The data:
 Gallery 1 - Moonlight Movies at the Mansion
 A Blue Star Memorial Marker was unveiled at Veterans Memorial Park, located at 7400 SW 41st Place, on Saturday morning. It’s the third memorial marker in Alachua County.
==
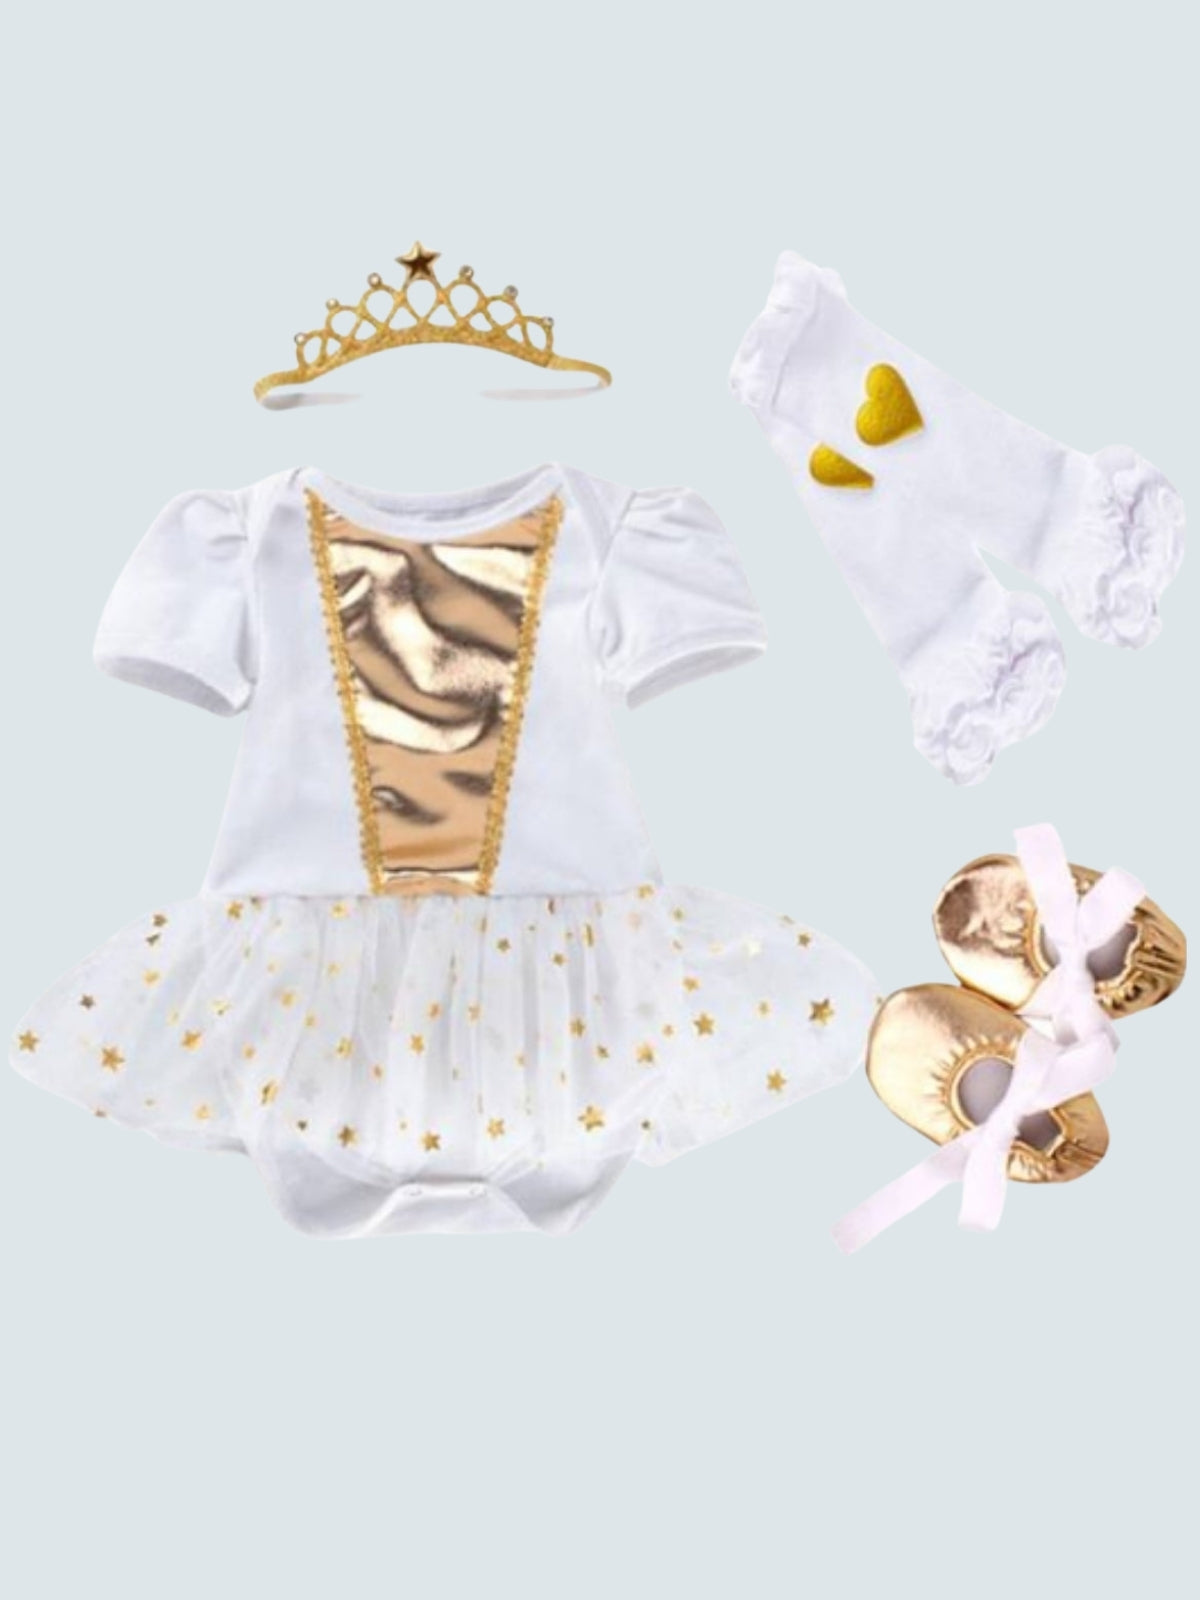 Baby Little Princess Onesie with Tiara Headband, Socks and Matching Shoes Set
...
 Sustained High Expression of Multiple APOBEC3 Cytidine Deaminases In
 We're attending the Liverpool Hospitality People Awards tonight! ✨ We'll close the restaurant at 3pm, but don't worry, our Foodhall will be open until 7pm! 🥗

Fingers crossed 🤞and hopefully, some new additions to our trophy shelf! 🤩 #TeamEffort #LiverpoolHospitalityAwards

Your objective: Could you transcribe the entries above word for word, from the line with "We're attending the" down to the line with "Fingers crossed 🤞and", keeping both?

Output of the task:
 We're attending the Liverpool Hospitality People Awards tonight! ✨ We'll close the restaurant at 3pm, but don't worry, our Foodhall will be open until 7pm! 🥗

Fingers crossed 🤞and hopefully, some new additions to our trophy shelf! 🤩 #TeamEffort #LiverpoolHospitalityAwards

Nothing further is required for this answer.